La prohibición de fumar está
generando discusiones a granel. Y los debates televisados al
respecto están a la orden del día. Lo cual, debido a que fui
un niño nacido en la posguerra, me ha hecho recordar las
dificultades que tenían los pobres, que eran mayoría
absoluta, para fumar en aquellos entonces. Pues el tabaco se
racionaba y dada la hambruna existente, los poseedores de la
cartilla de racionamiento no tenían más remedio que vender
su cupo para obtener unas perras con las que poder poner la
olla durante unos días. Luego, en vista de que quedaban
sometidos al mono clásico de los enviciados en el arte de
tragarse los humos, compraban cigarros sueltos. Pero
pagándolos a un precio superior. Aunque a plazos. Tampoco
faltaban los que, amparándose en la noche, recogían las
colillas que otros iban tirando.
En mis primeros años de bachiller, casi todos mis compañeros
de clase fumaban cigarrillos de matalahúva. Y lo hacían, a
escondidas, en las afueras de la ciudad. Una vez, para no
desentonar, di dos o tres caladas a un pitillo y me sentí
mareado y preso de un sudor frío muy desagradable. Y juré
que nunca más fumaría. Eso sí, siempre soporté con
estoicidad mi situación de fumador pasivo. Así que jamás
emití la menor queja cuando me tocó verme rodeado de
fumadores por doquier. Cierto es que la práctica del fútbol,
desde que pude mantenerme en pie, me hizo mucho bien para no
caer en la tentación de echarme a pecho el humo del tabaco.
Que era la frase que más se oía entre los fumadores
incipientes. Como fiel demostración de que ya dominaban el
arte de fumar.
Porque saber fumar, lo que se dice fumar con arte, no es
tarea fácil. Por tal motivo, un día le dije a Sara
Montiel, cuando estaba casada con Pepe Tous,
editor de ‘Última Hora’, periódico vespertino de Mallorca,
que yo me caí de boca por ella viéndola fumar en pipa en el
‘Último Cuplé’. Y diciendo lo de fumar es un placer, genial,
sensual. Y Sara, ante la presencia de su marido y de
Antonio Seguí, constructor y presidente del equipo
bermellón, se reía de mi requiebro.
Todavía, después de muchos años transcurridos, a mí me sigue
encantando ver a una señora fumar con ese estilo
inconfundible que tienen las señoras que saben hacer de tal
vicio un ejercicio tan atractivo. Confieso que soy muy dado
a observarlas. Y mucho más si son capaces de saber estar
sentadas como mandan los cánones de la mejor distinción.

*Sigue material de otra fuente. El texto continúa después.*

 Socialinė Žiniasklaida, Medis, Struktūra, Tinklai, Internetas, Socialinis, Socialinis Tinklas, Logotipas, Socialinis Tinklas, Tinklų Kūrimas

A mí me tocó vivir una época en la cual, amén de los actores
de cine y teatro, toreros y otras personas pertenecientes a
profesiones donde los nervios abundan, fumaban los
entrenadores de fútbol. Los había que se quemaban durante
los partidos. Y era peligroso sentarse con ellos en el
banquillo. Fumaban y encima llegaban ebrios a la cita.
Estimulados en exceso para evitar los nervios que a veces le
hacían perder la noción del tiempo y del sitio en el cual
estaban. De esos entrenadores, algunos tenidos por grandes,
podría contar anécdotas que harían las delicias de los
lectores. Por más que en ellas estarán siempre presentes los
dramas de los que decidieron vivir de una profesión a la que
acudían drogados para resistir el envite. La costumbre de
fumar en los banquillos se perdió. También se ha perdido el
imaginar sobre la marcha para resolver los problemas que van
surgiendo durante los partidos. Y no creo que sea debido a
ninguna ley contra la sapiencia futbolística.